From Mick Jagger to Warhol and Madonna – who is Mr Chow, the man who ran the ‘Studio 54’ of restaurants?
Ever since Michael Chow threw open his doors in London in the Sixties, the A-list have flocked to his restaurants, but there was a dark side to the glitz and glamour. As a new HBO documentary reveals the painful truth, Bill Borrows goes to meet the man with the most extraordinary life
It’s 9.30am in the Hollywood Hills, and Mr Chow’s favourite time of day. He has attended to his ablutions, styled his archipelago of dark hair (c/o “Touch of Grey” shampoo), and affixed a pair of two-tone blue Cutler and Gross round glasses to his kind and remarkably unlined face. In his pristine “athleisure” wear, he looks about 56 instead of his 84 years of age.
He may be over 5,000 miles away in Los Angeles, but when Michael Chow asks you to do something, you do it. Ask me, he says, “What do you do?” I politely comply. “Well, I used to be an a**hole, but now I’m a legend.”

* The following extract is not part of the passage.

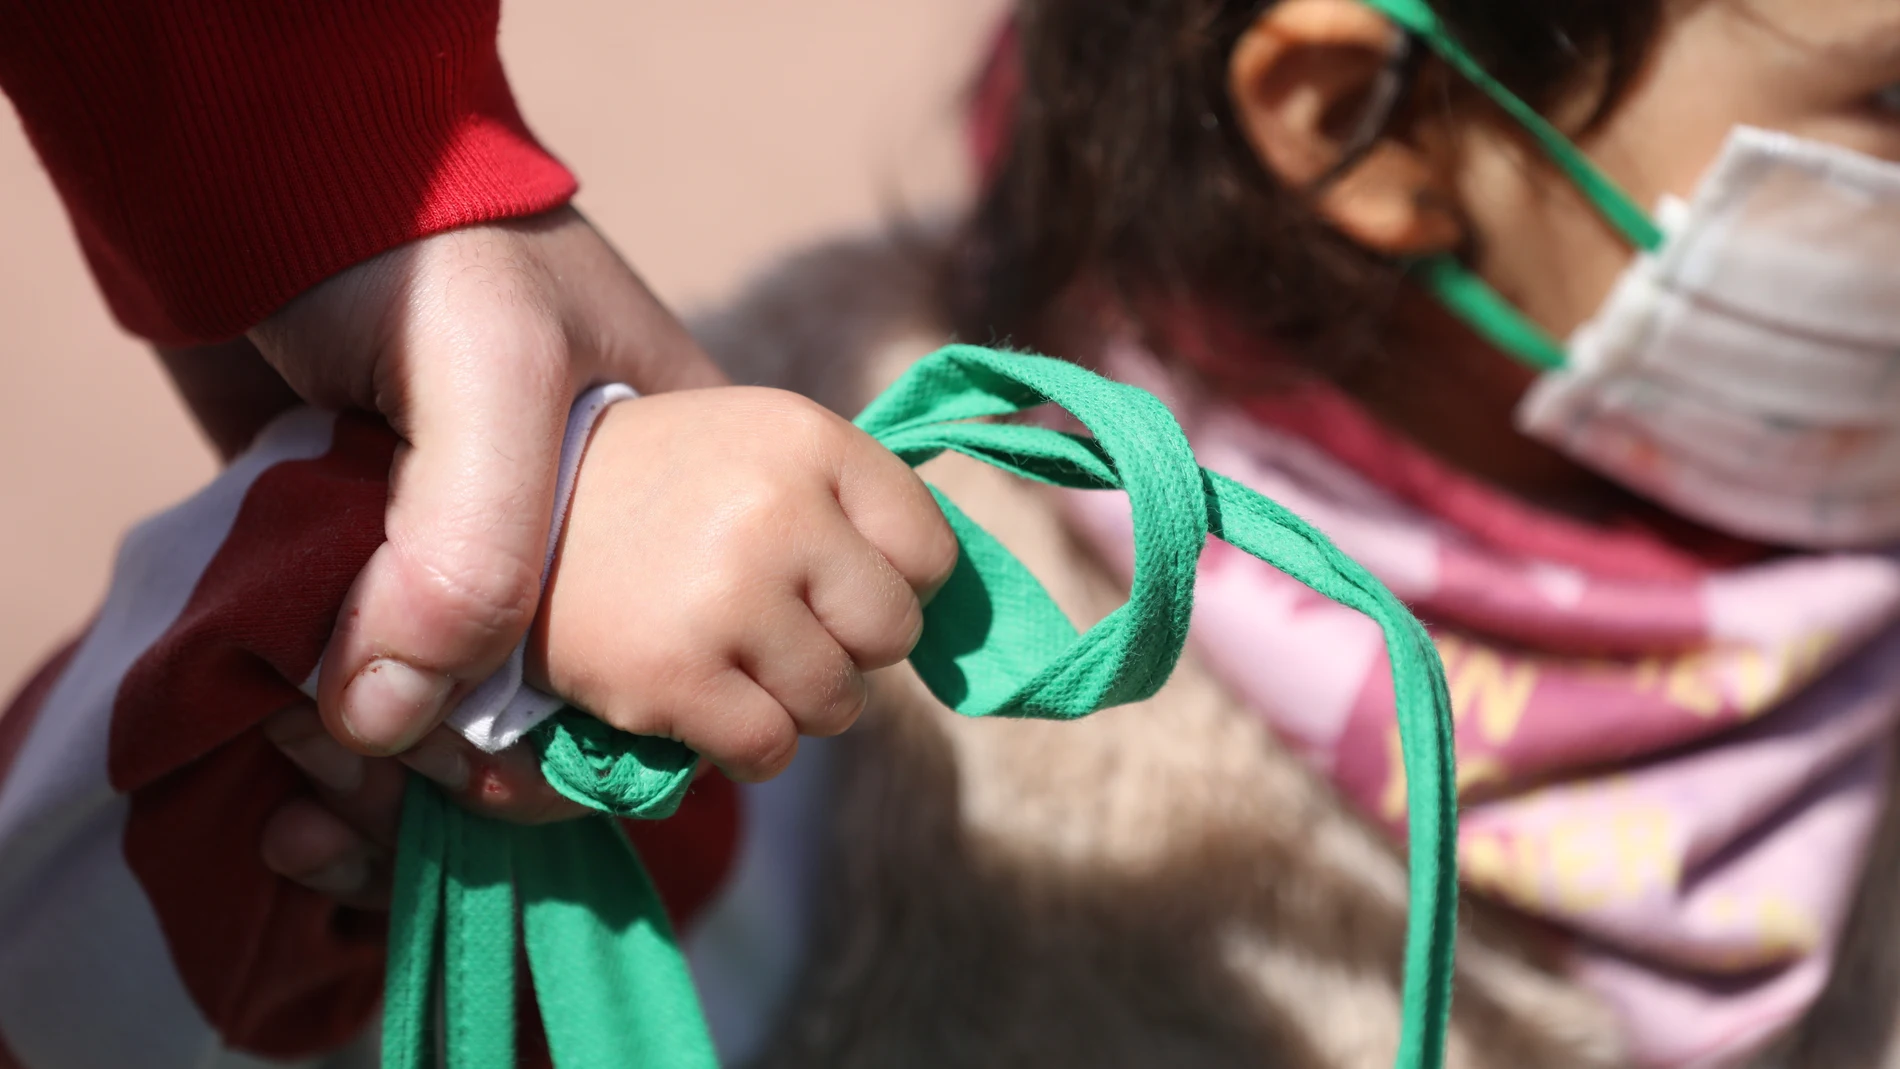 Payasos de Circos Reunidos entregan a niños material sanitario

The artist and restaurateur to film, fashion, music, and art nobility for over five decades looks delighted with his proclamation as he rocks back in front of the tropical flora print wallpaper in one of the two houses he bought from Katy Perry for $12.7m five years ago.

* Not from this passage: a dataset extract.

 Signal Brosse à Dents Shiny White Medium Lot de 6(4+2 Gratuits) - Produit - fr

“I love name-dropping,” he laughs. “I usually say I hate it and that my friend Lady Gaga agrees with me, but I’ve met everybody, and I mean everybody. I had tea with Napoleon the other day. Or was it Ridley Scott? I forget. I even did a movie three years ago with Joaquin Phoenix, the actor [who plays Napoleon in the new Scott movie].”
Now married for the fourth time, to Vanessa Rano, a licensed social worker (therapist), who is 39 years his junior and the mother of his two young children, Phoenix (aged four) and Skye (two), Chow claims to be in the fifth act of his extraordinary life.

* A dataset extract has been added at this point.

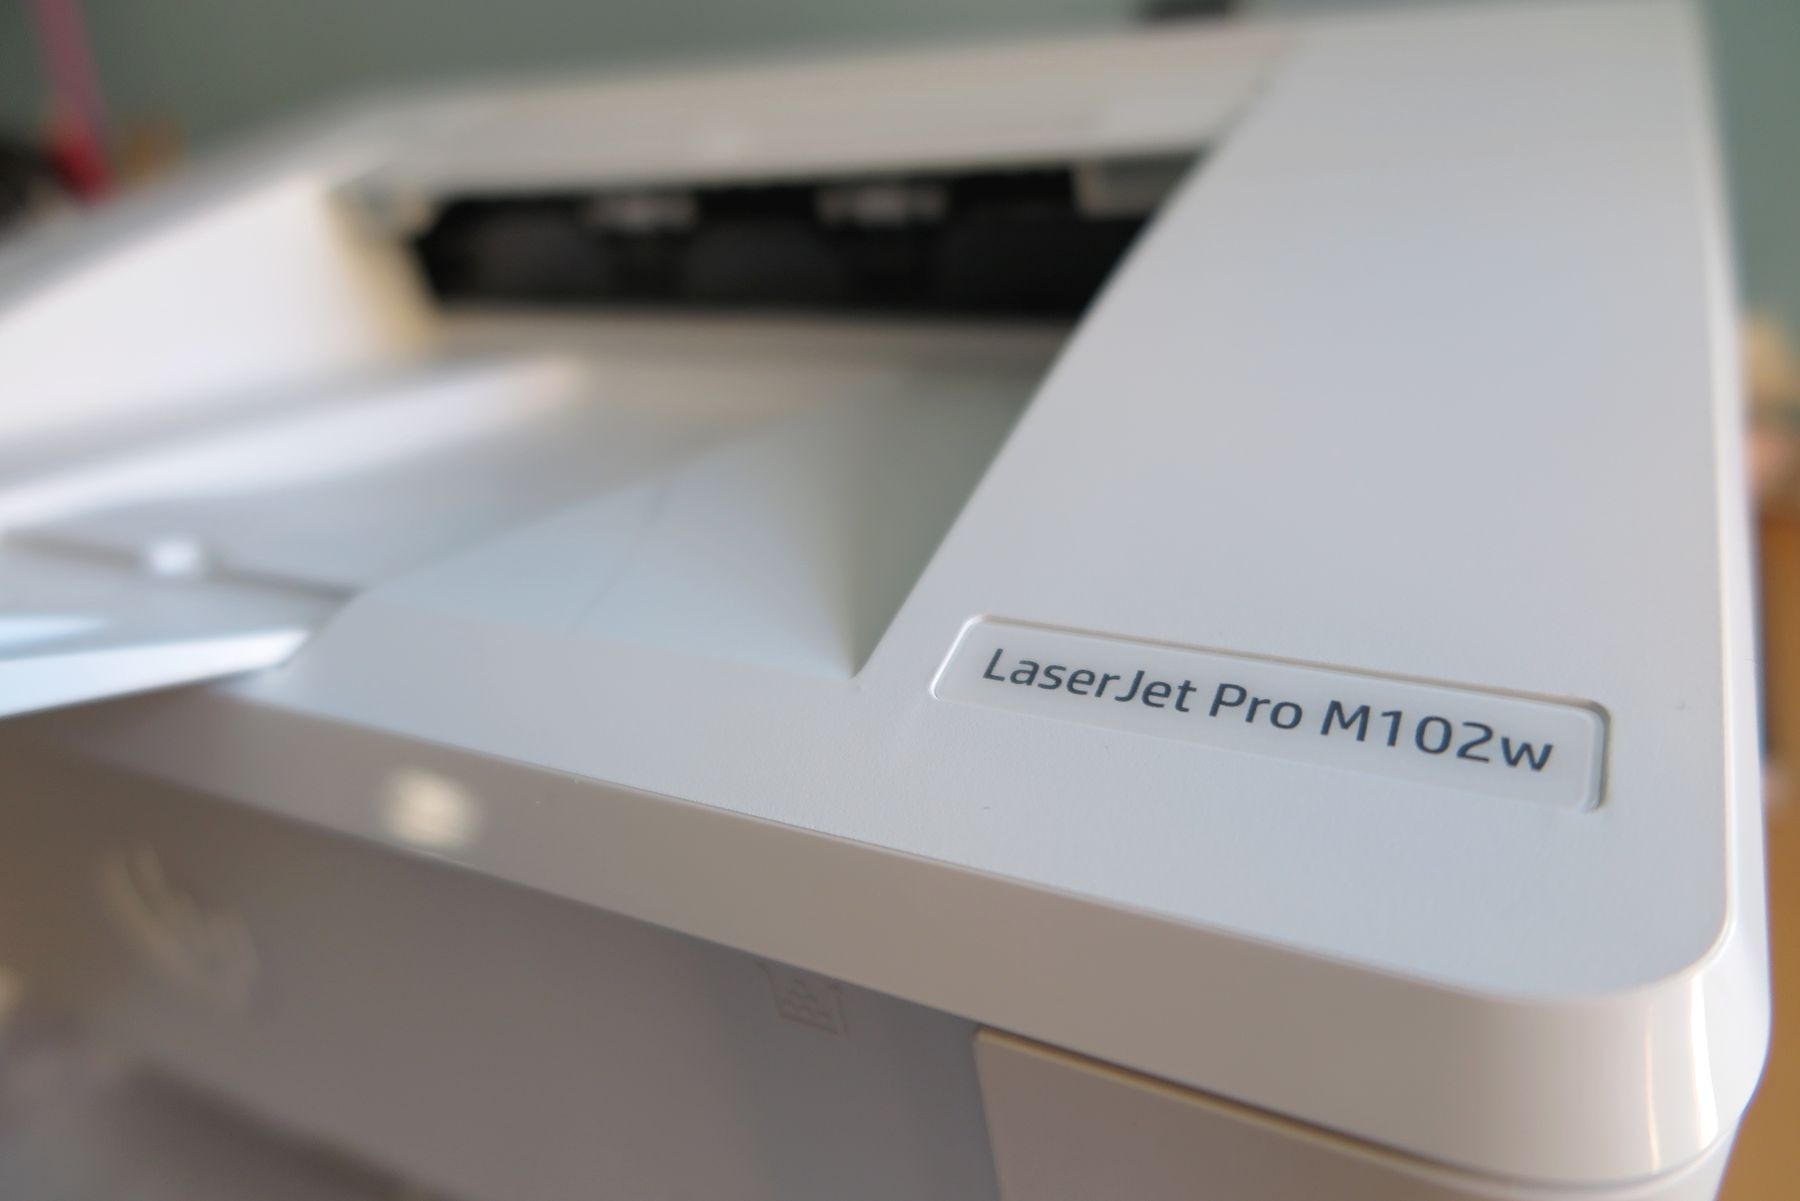 HP LaserJet Pro M102w detakke nombre

“Most lives have three acts, right? If you look at obituaries these days, about 50 per cent of people seem to die in their eighties. They catch a cold and die. Yesterday I had a minor procedure, but I’m very ambitious. This documentary has been a tremendous success in America. People are saying hello to me in the middle of the street. I’m really shocked.”
The HBO documentary is aka Mr Chow – the title being a reference to his world-renowned and eponymous chain of glamorous upscale restaurants that were at the heart of anywhere that was ever having a moment: from Swinging London in 1968, Beverly Hills in 1974, and New York in time to catch the end of the Studio 54 era and the rebirth of the city in the Eighties to Miami, Las Vegas, and soon, Riyadh in Saudi Arabia.
The menu is unashamedly expensive and frequently derided by critics (“I never had good reviews. Are you kidding me? The New Yorker called my food ‘turd’”).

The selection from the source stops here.